Exercise directions:
Only the lines in the entries below from the line with "Двигатели Воронежского ОКБ моторостроения" to the line with "Syria Dialogues logo", both included, belong in the answer, transcribed exactly and without pictures.
*** Material for the task Section Begins ***
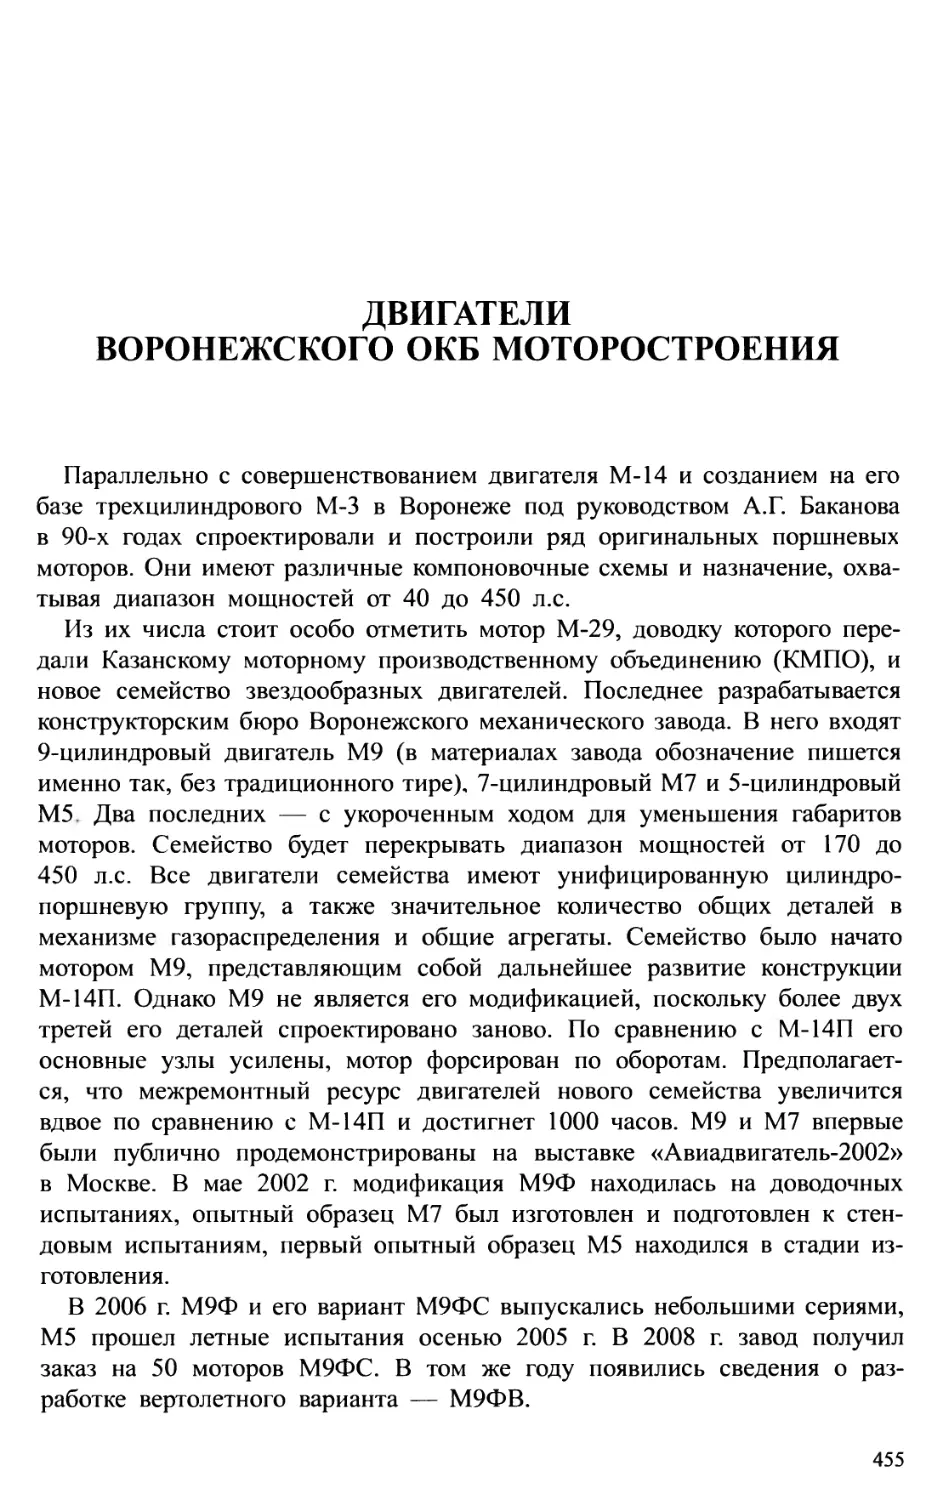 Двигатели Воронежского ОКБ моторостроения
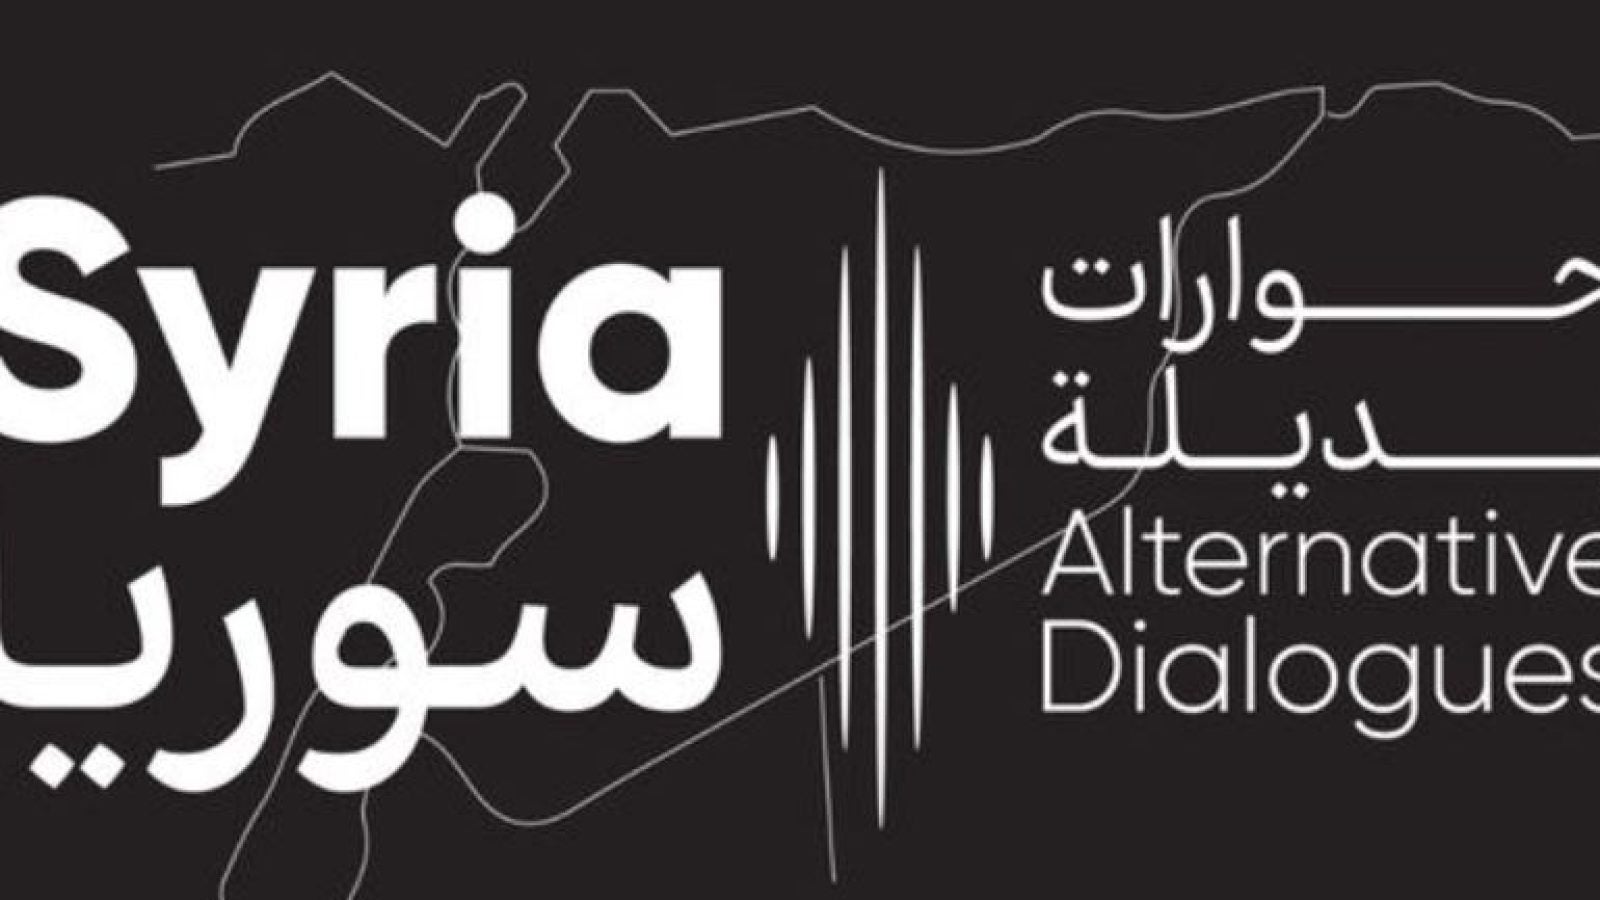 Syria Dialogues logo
*** Material for the task Section Ends ***
*** Material for the task Section Begins ***
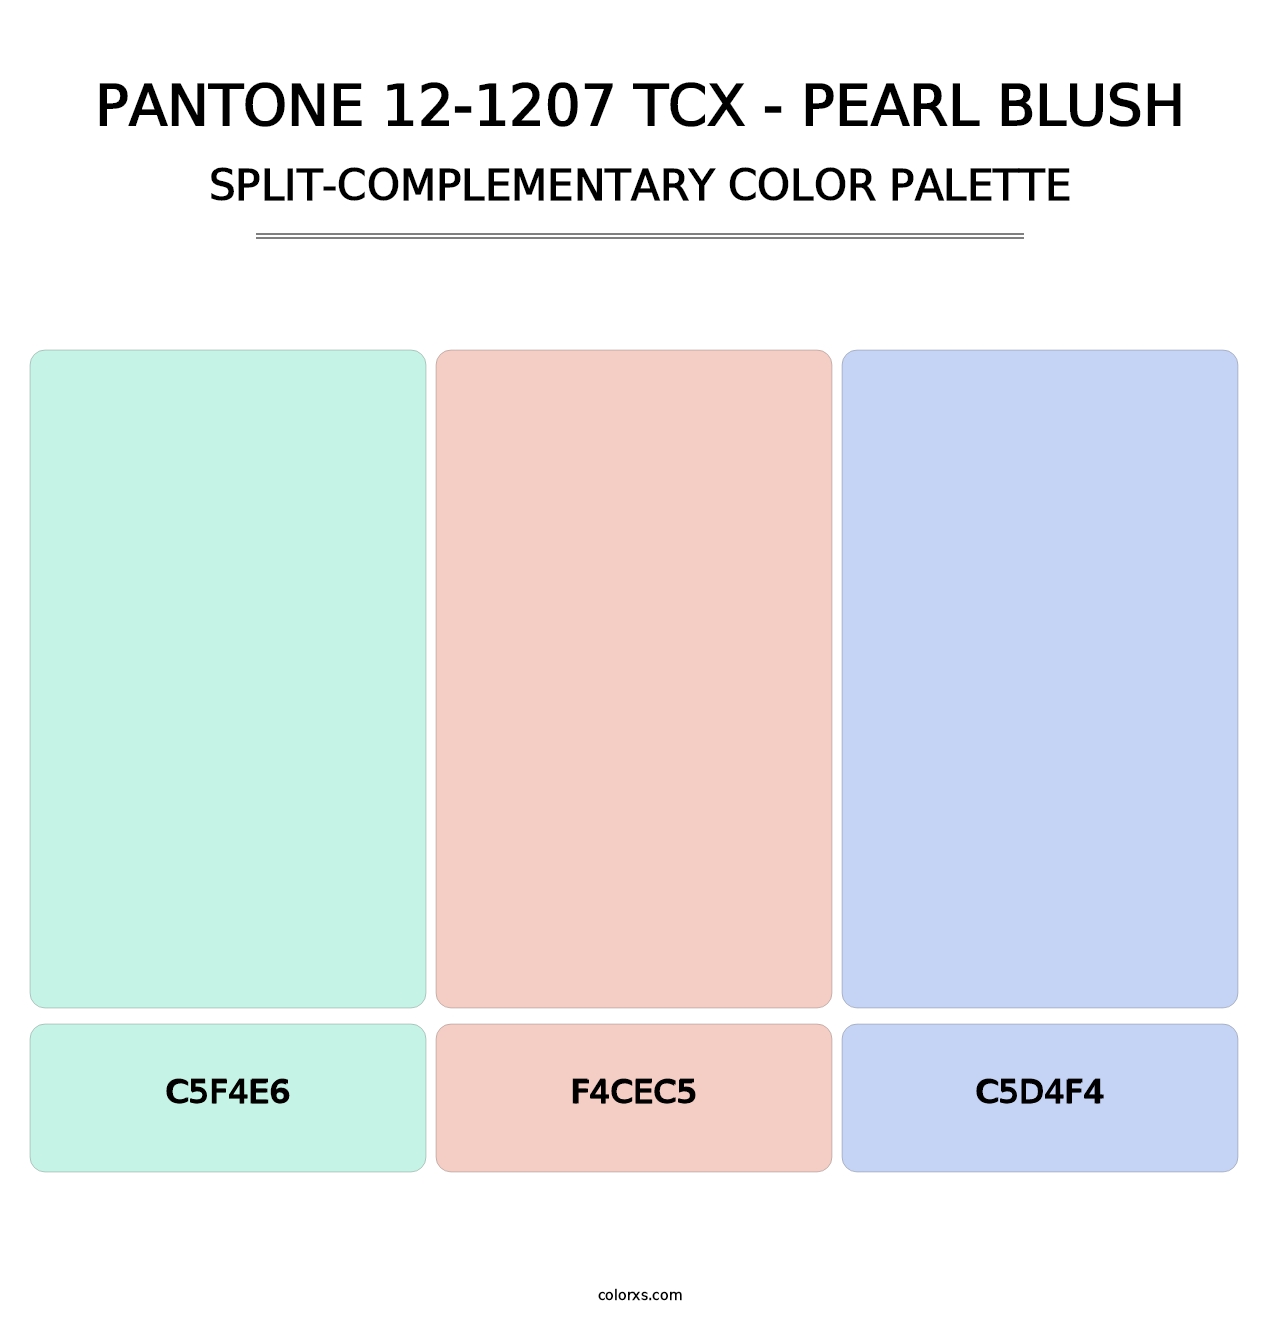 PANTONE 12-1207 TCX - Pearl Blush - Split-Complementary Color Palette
*** Material for the task Section Ends ***
*** Material for the task Section Begins ***
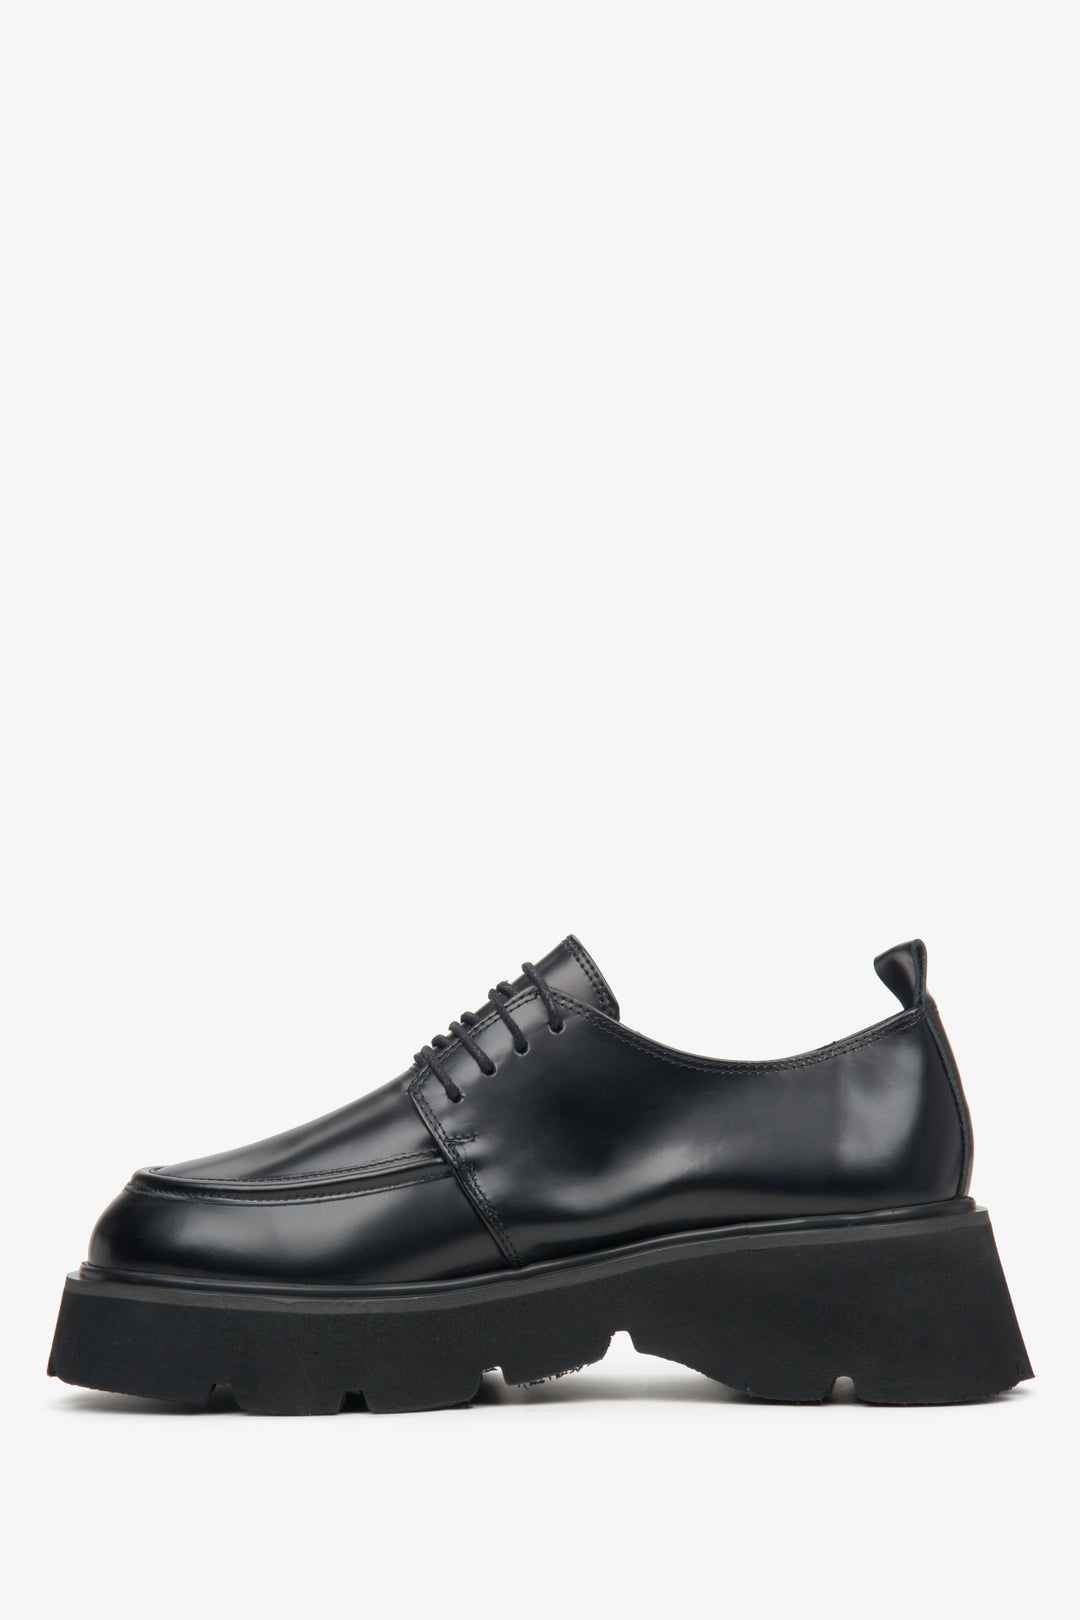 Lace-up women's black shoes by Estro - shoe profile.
*** Material for the task Section Ends ***
Answer for the task:
 Двигатели Воронежского ОКБ моторостроения
 Syria Dialogues logo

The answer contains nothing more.